Saturday, May 11, 2013

Second thoughts

I'm beginning to have second thoughts about having lymphoma.  Now that I'm a few months into it, the magic is starting to wear off.  Sure, the extra attention is nice, and people are truly amazing.  But I'd have to say I'm ready to return to the ranks of the cancer free.

The last two weeks have been worrisome.  We've been waiting to find out when we'll be traveling up to the Seattle Cancer Care Alliance for my stem cell treatments.  Christina called and talked to Dr. Maloney, the specialist who will be performing the transplant.  He looked at the PET scan I'd had the week before and told Christina we're behind schedule in putting the cancer into remission and that we should be more aggressive with it.

We've been worried about our local doctor ever since we've begun treatment.  He is from India, graduated from medical school before I was born, and is not a very talkative person.  On the other hand, Dr.
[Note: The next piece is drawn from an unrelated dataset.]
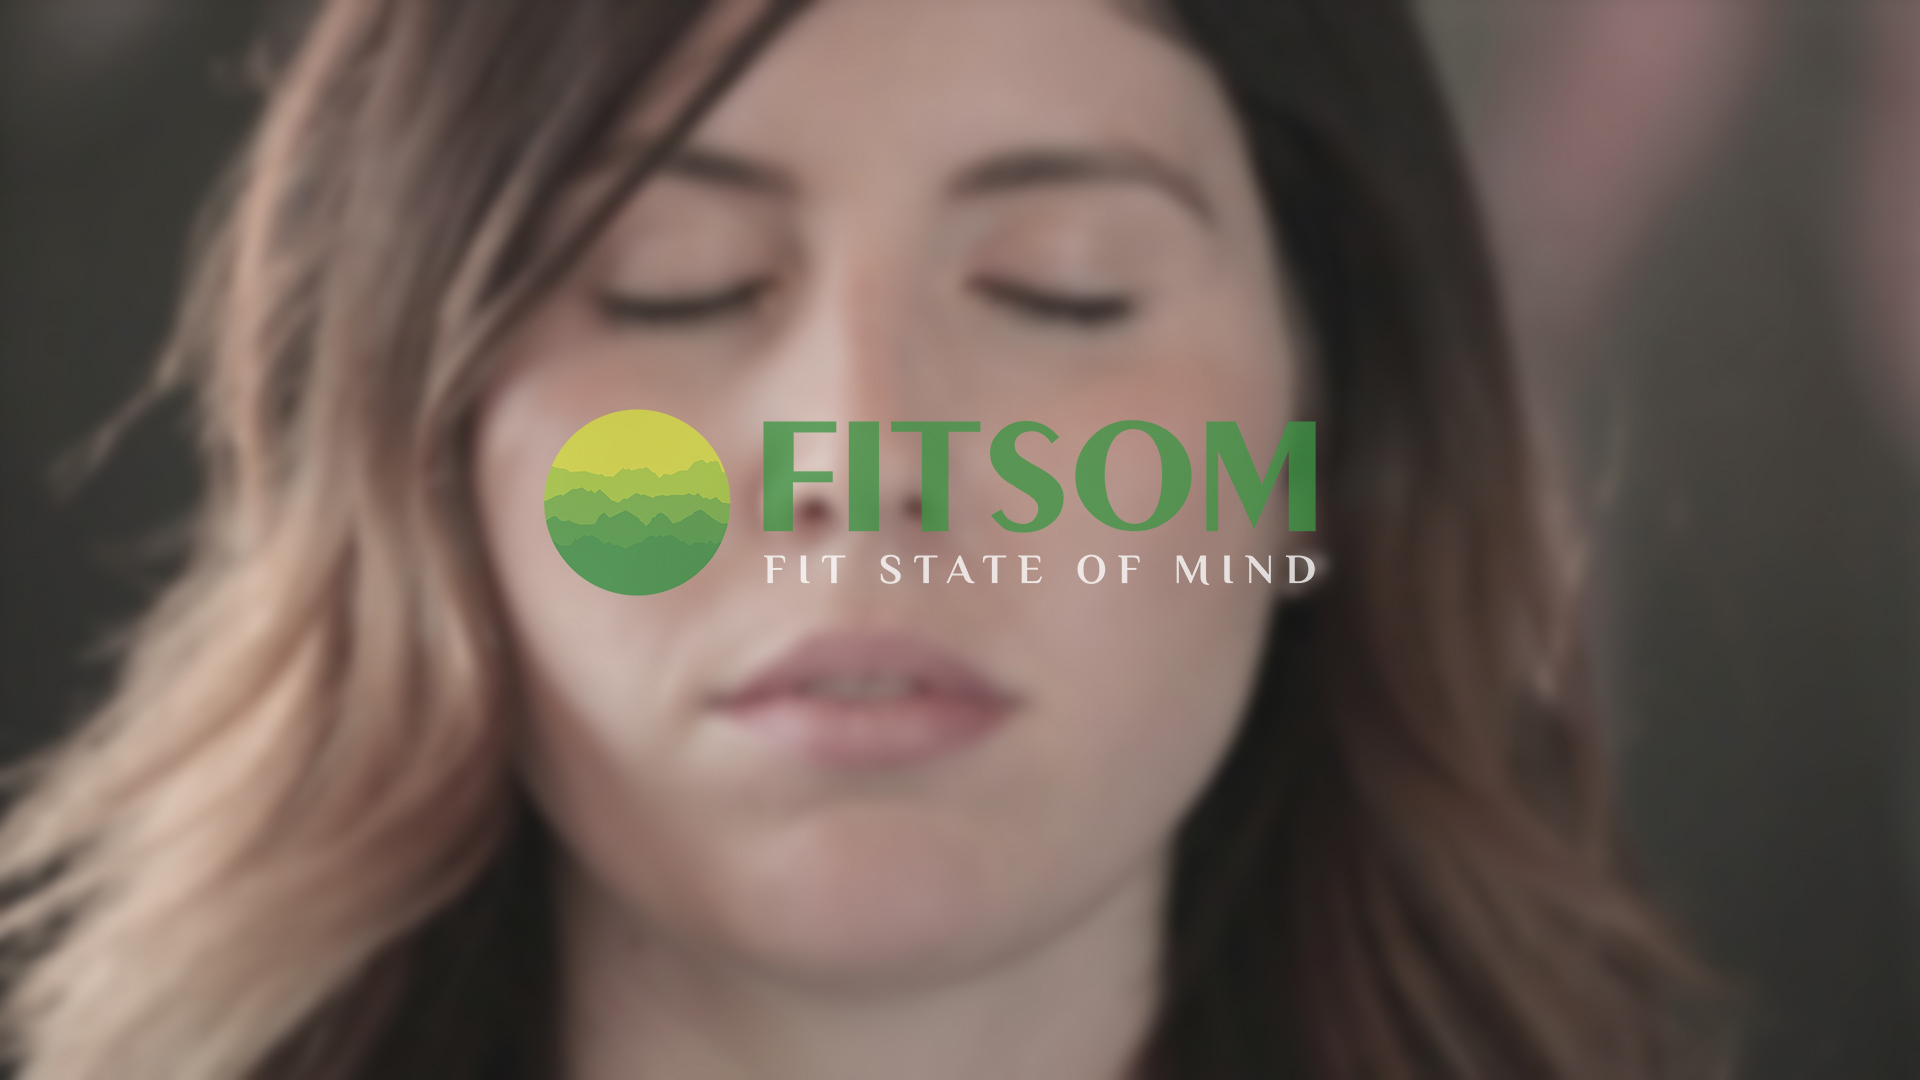 Fitsom_2017_TitleFrame2

Patel is very grandfatherly, has a very positive attitude, and takes time to answer all of our questions.  We just aren't always sure we're asking the right ones.  He also seems to be forgetful at times.

So, we called Columbia Basin Oncology and Hematology and asked if we could see another doctor.  We were ready to switch.  We saw Doctor Gamboa on Wednesday.  He is a year younger than me and communicates very well.  He seemed very open.  He also told us that Dr. Patel is the lymphoma expert in their clinic and the one that he would defer to in treating this disease.  He also let us know that he agrees with Dr. Patel's approach in treating my case.  He pointed out that the symptoms are improving.  They can't manually feel my lymph nodes or my spleen anymore, so we know that they are getting back to their normal size.  My other symptoms have improved.  Also, we didn't start out with a PET scan, so we don't really have an original to compare the last one against.  Dr. Gamboa recommended that we continue with my current regimen, especially since I only have one more round to go.  Then we'll take another PET scan and evaluate. If the cancer is in remission, I'll be able to go up to Seattle and start the stem cell transplants.  If not, they will put me on a more aggressive chemotherapy regimen.

Dr. Patel also spoke with Dr. Maloney and it sounds like they are on the same page.  So Christina and I are feeling more confident again.  And I just made it through my fifth round of chemo with flying colors.  The lumbar puncture wasn't too bad, although it did take a few prods of the needle through my spinal cord to find my spinal fluid.  And I had to go in for a blood transfusion on Friday to boost my red blood cell counts.  But other than that, not too bad.  I had a few nice naps.